What the task requires:
A word-for-word copy of the data is what's wanted, with no pictures.

Collected data:
╭──
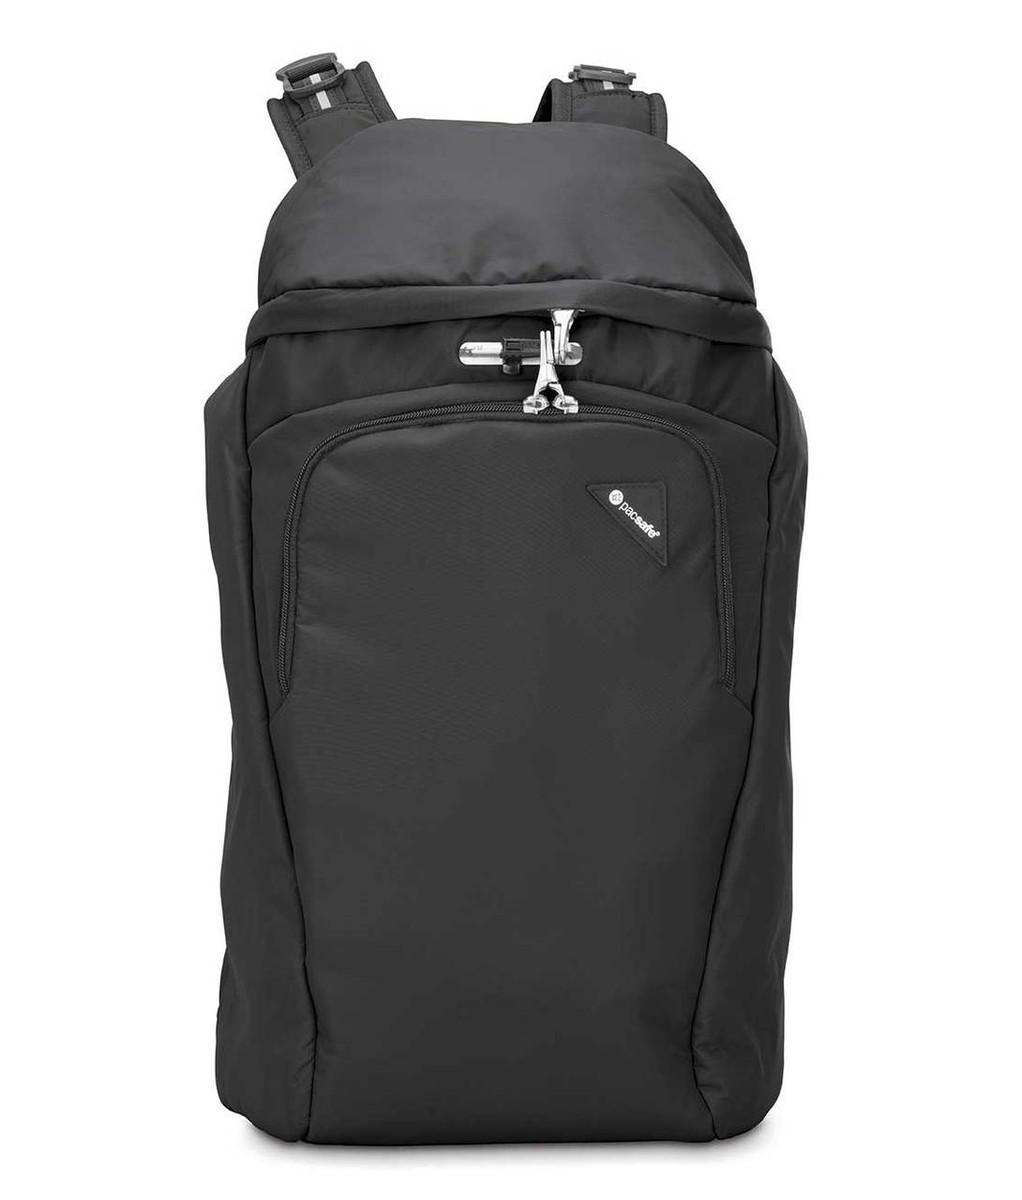 Pacsafe Vibe 30 backpack, black
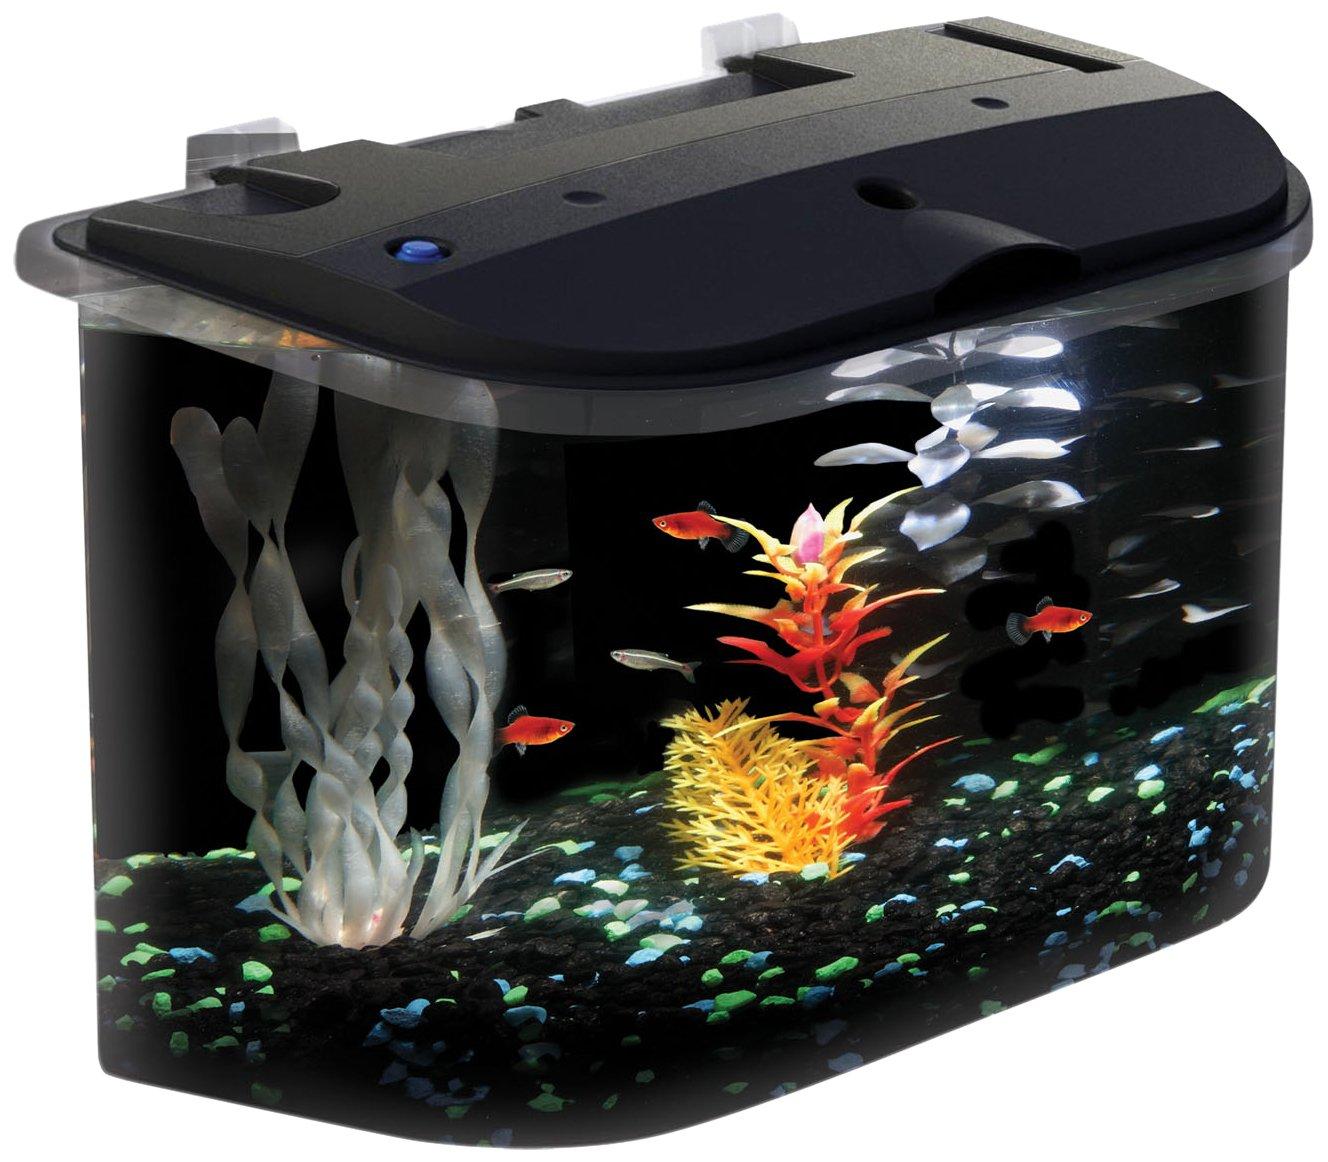 Aquarius aq15005 aquarius 5 rounded 5 gallon aquarium kit for 30 gallon fish tank kit
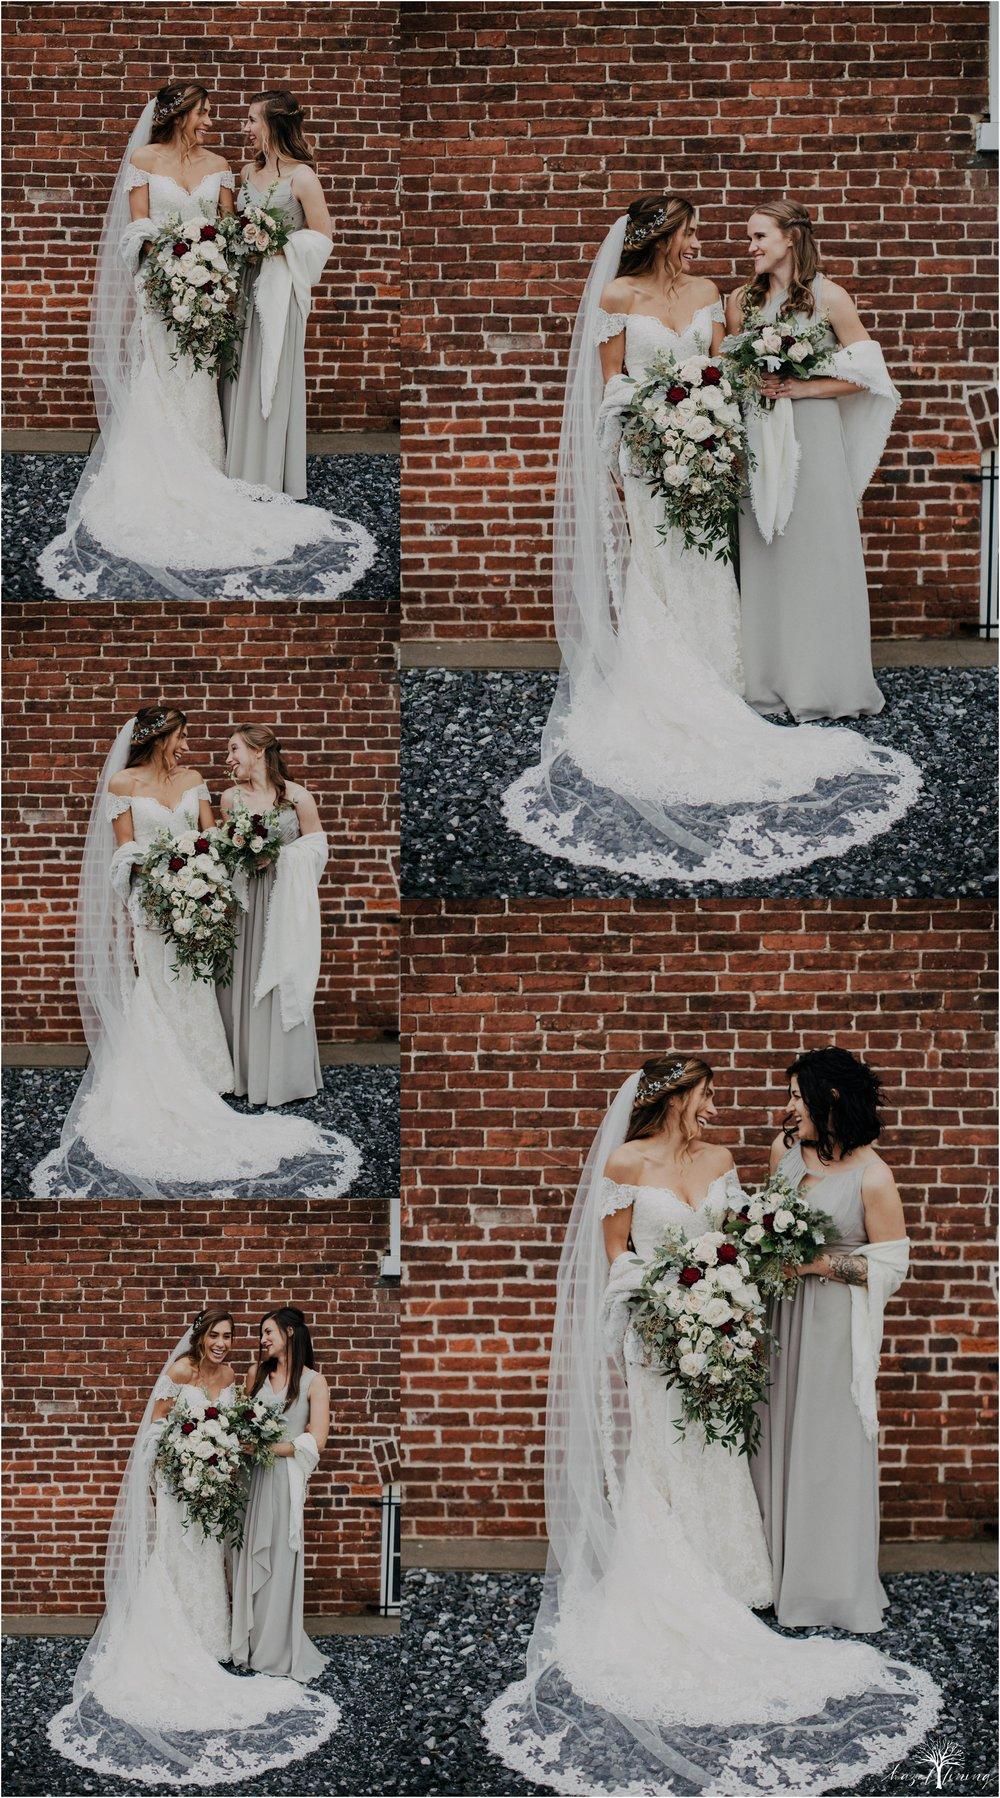 emma-matt-gehringer-the-booking-house-lancaster-manhiem-pennsylvania-winter-wedding_0086.jpg
╰──
Your solution:
 Pacsafe Vibe 30 backpack, black
 Aquarius aq15005 aquarius 5 rounded 5 gallon aquarium kit for 30 gallon fish tank kit
 emma-matt-gehringer-the-booking-house-lancaster-manhiem-pennsylvania-winter-wedding_0086.jpg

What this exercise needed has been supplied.